Inactivation of KsgA, a 16S rRNA Methyltransferase, Causes Vigorous Emergence of Mutants with High-Level Kasugamycin Resistance 
Kozo Ochi,1*
Ji-Yun Kim,1,2
Yukinori Tanaka,1,3
Guojun Wang,1
Kenta Masuda,4
Hideaki Nanamiya,4
Susumu Okamoto,1
Shinji Tokuyama,3
Yoshikazu Adachi,2 and
Fujio Kawamura4
National Food Research Institute, Tsukuba, Ibaraki 305-8642, Japan,1 Laboratory of Animal Health, School of Agriculture, Ibaraki University, Ami, Ibaraki 300-0393, Japan,2 Department of Applied Biological Chemistry, Faculty of Agriculture, Shizuoka University, Ohya, Shizuoka 422-8529, Japan,3 Laboratory of Molecular Genetics and Research Information Center for Extremophiles, College of Science, Rikkyo University, Tokyo 171-8501, Japan4
Received 2 July 2008/ Returned for modification 2 September 2008/ Accepted 31 October 2008
The methyltransferases RsmG and KsgA methylate the nucleotides G535 (RsmG) and A1518 and A1519 (KsgA) in 16S rRNA, and inactivation of the proteins by introducing mutations results in acquisition of low-level resistance to streptomycin and kasugamycin, respectively.
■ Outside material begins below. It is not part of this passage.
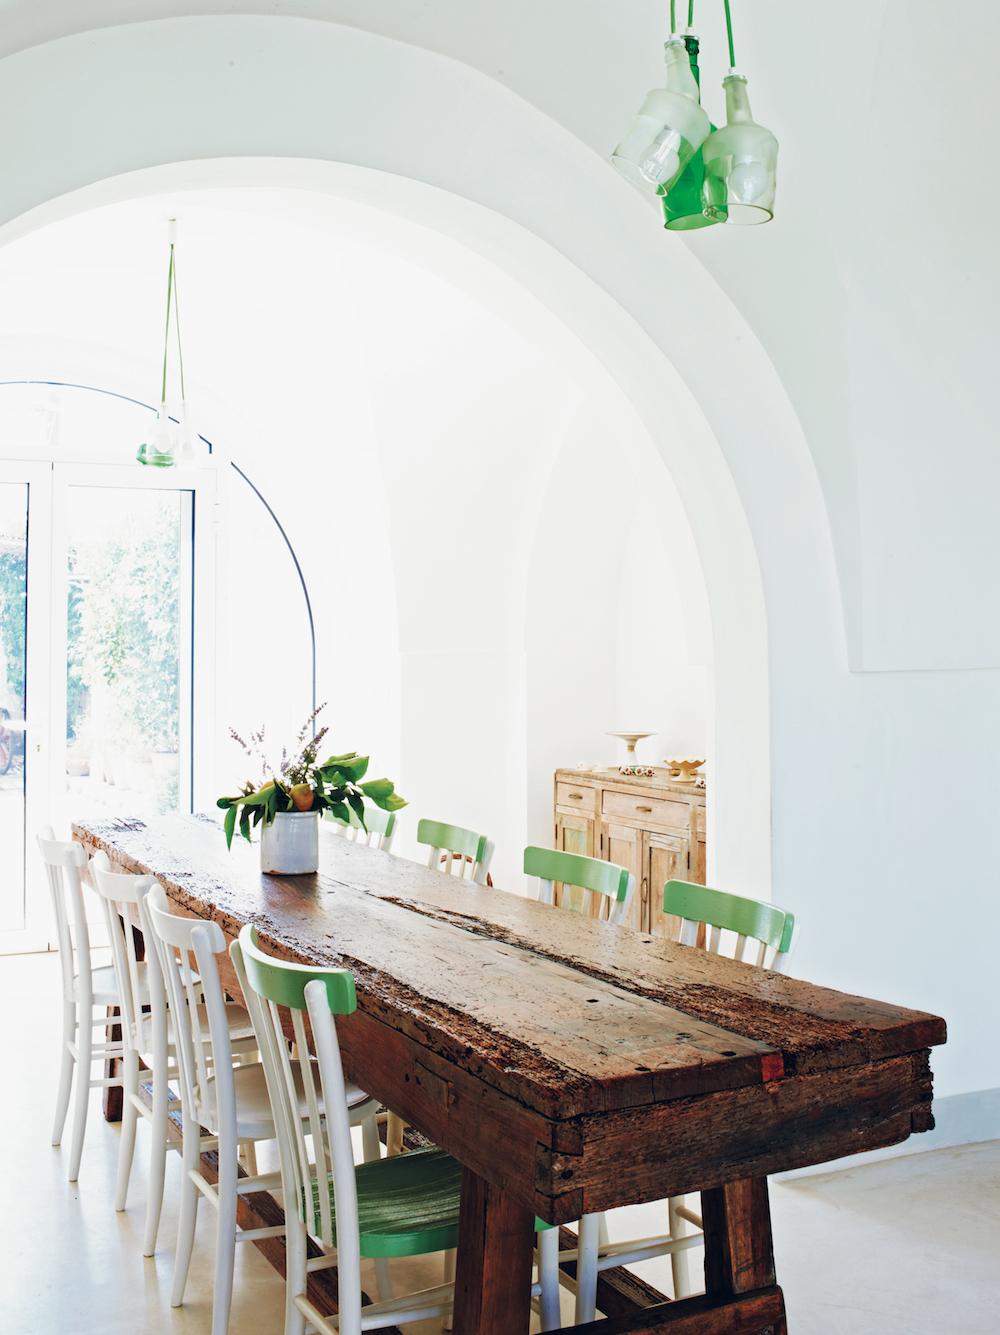 Italian Rustic: Home of architect Raffaele Centonze & family in the southern Italian region of Puglia.
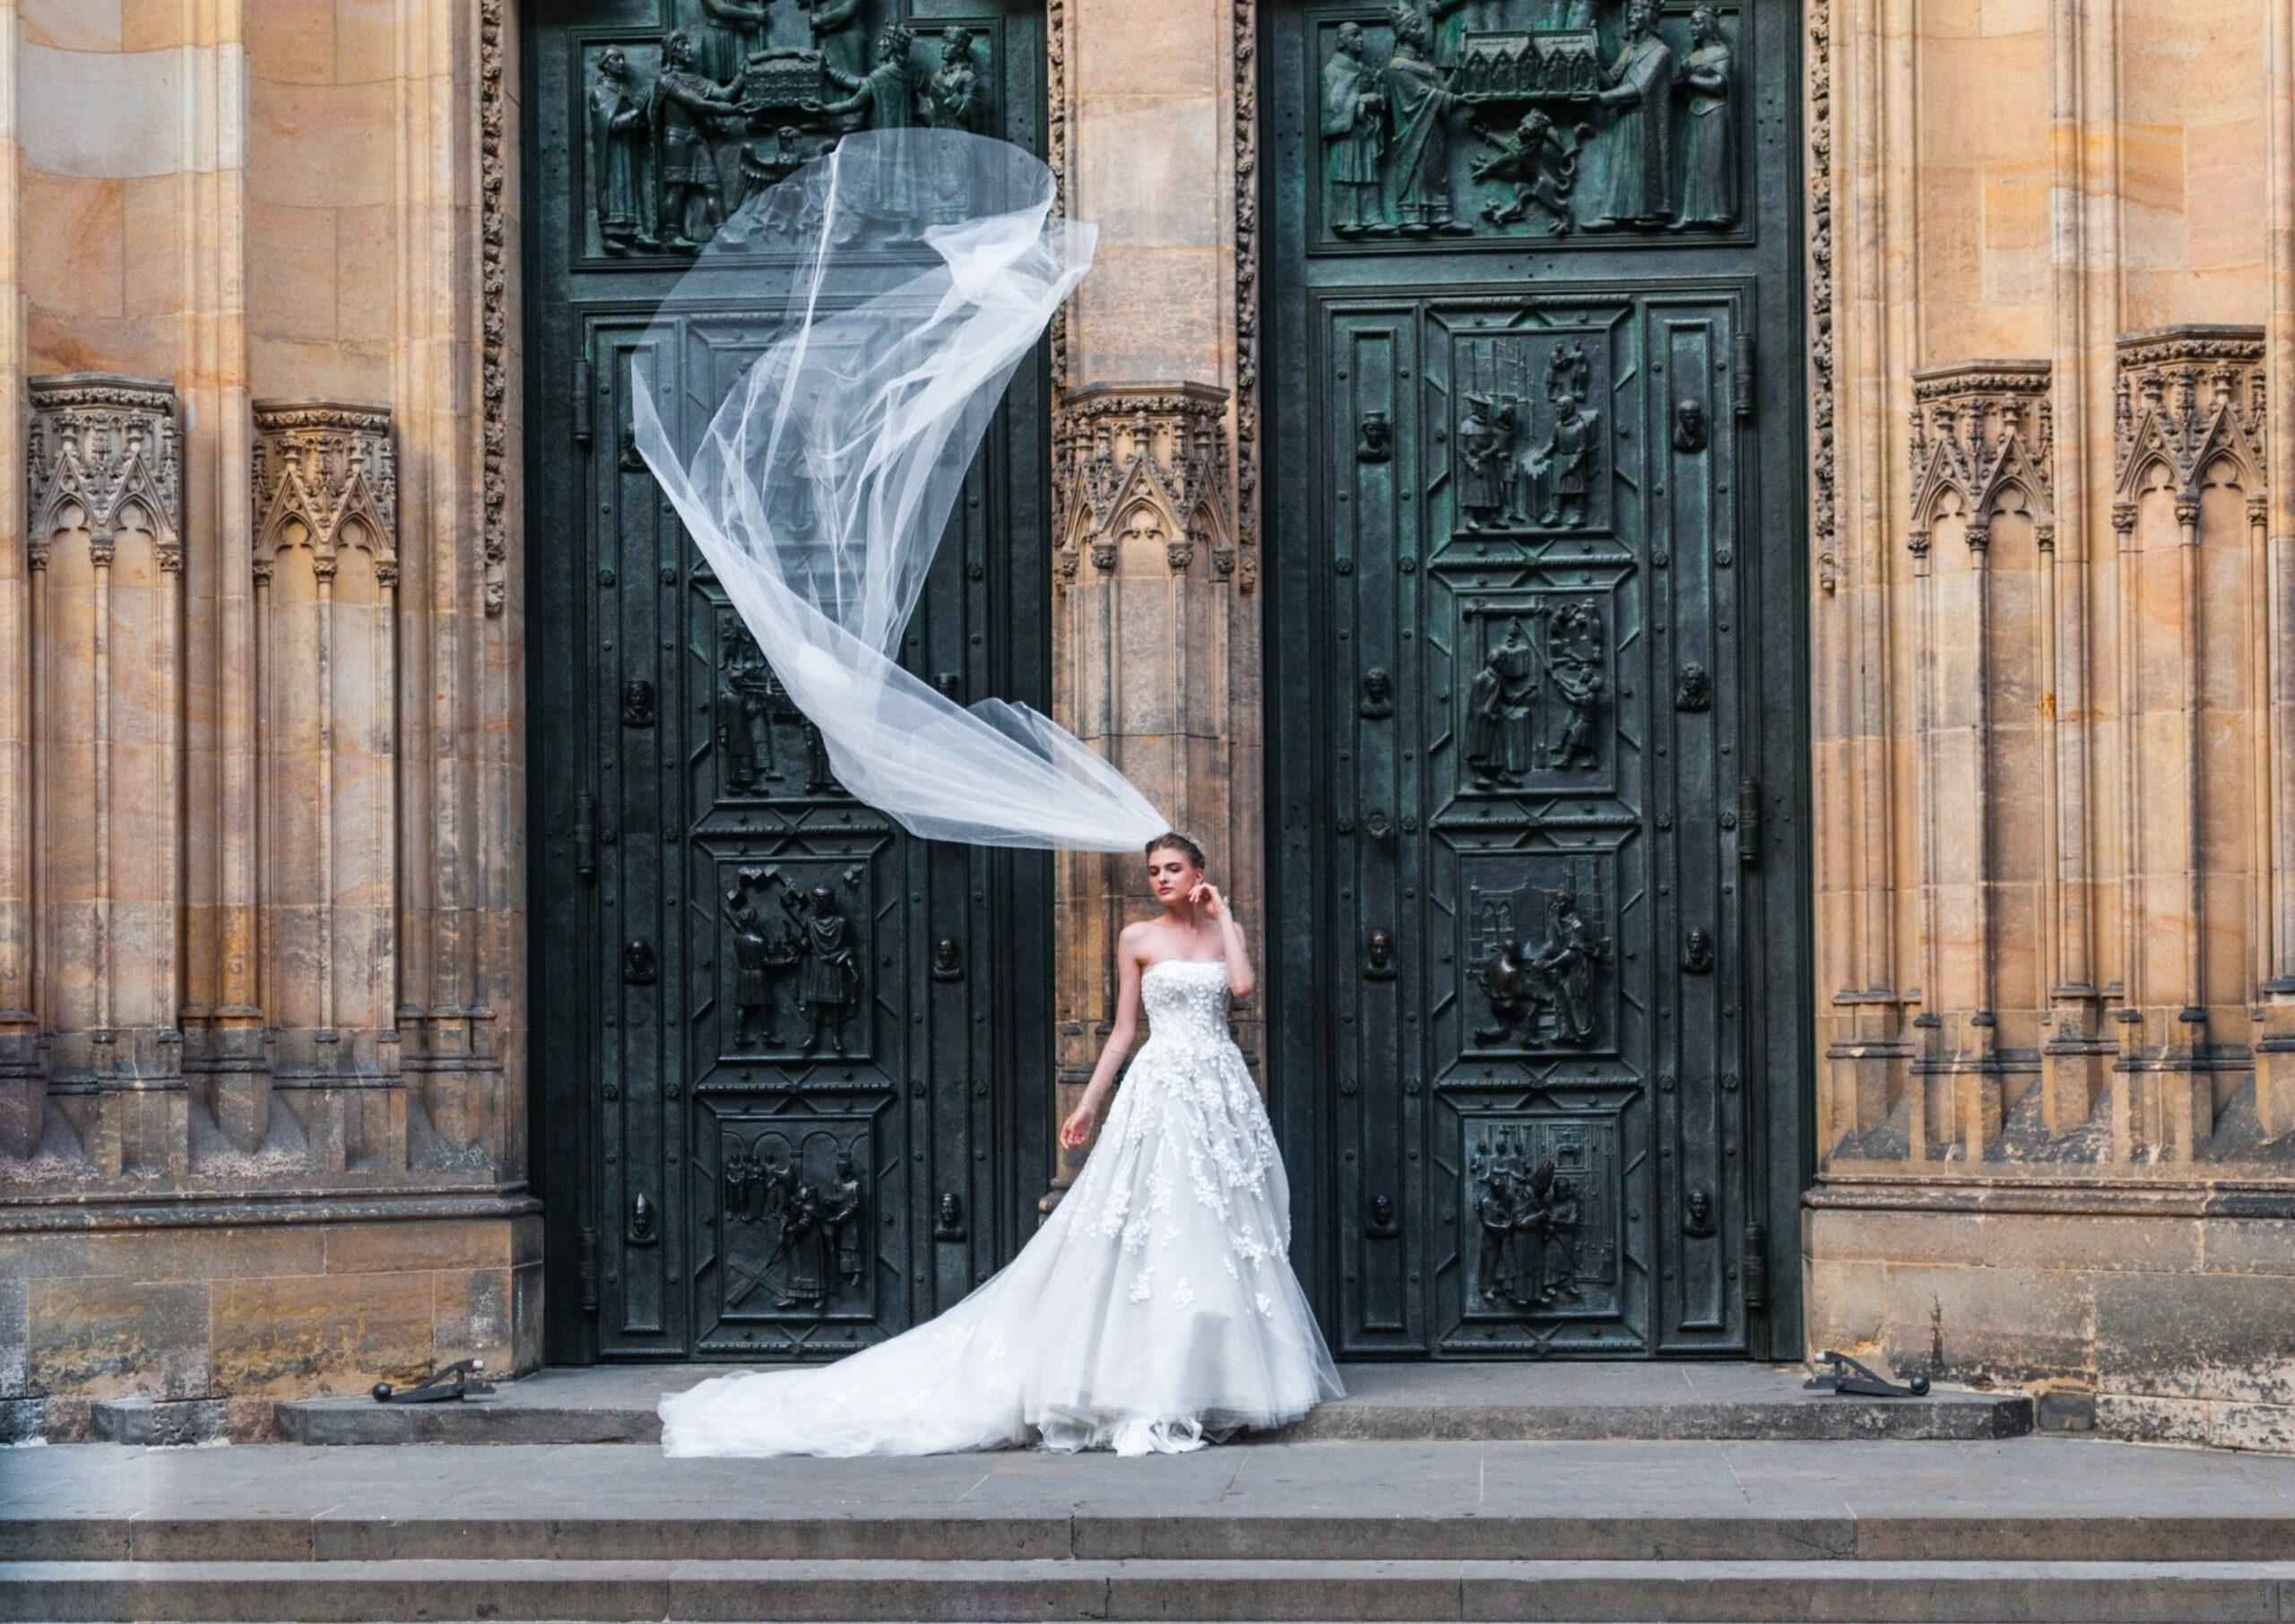 Eltern von brautpaar hochzeitswünsche den das für Glueckwuensche Brauteltern

In a Bacillus subtilis strain harboring a single rrn operon (rrnO), we found that spontaneous ksgA mutations conferring a modest level of resistance to kasugamycin occur at a high frequency of 10–6. More importantly, we also found that once cells acquire the ksgA mutations, they produce high-level kasugamycin resistance at an extraordinarily high frequency (100-fold greater frequency than that observed in the ksgA+ strain), a phenomenon previously reported for rsmG mutants. This was not the case for other antibiotic resistance mutations (Tspr and Rifr), indicating that the high frequency of emergence of a mutation for high-level kasugamycin resistance in the genetic background of ksgA is not due simply to increased persistence of the ksgA strain. Comparative genome sequencing showed that a mutation in the speD gene encoding S-adenosylmethionine decarboxylase is responsible for the observed high-level kasugamycin resistance. ksgA speD double mutants showed a markedly reduced level of intracellular spermidine, underlying the mechanism of high-level resistance. A growth competition assay indicated that, unlike rsmG mutation, the ksgA mutation is disadvantageous for overall growth fitness. This study clarified the similarities and differences between ksgA mutation and rsmG mutation, both of which share a common characteristic—failure to methylate the bases of 16S rRNA. Coexistence of the ksgA mutation and the rsmG mutation allowed cell viability. We propose that the ksgA mutation, together with the rsmG mutation, may provide a novel clue to uncover a still-unknown mechanism of mutation and ribosomal function.
* Corresponding author. Mailing address: National Food Research Institute, 2-1-12 Kannondai, Tsukuba, Ibaraki 305-8642, Japan. Phone: 81-29-838-8125. Fax: 81-29-838-7996. E-mail: kochi{at}affrc.go.jp
Published ahead of print on 10 November 2008.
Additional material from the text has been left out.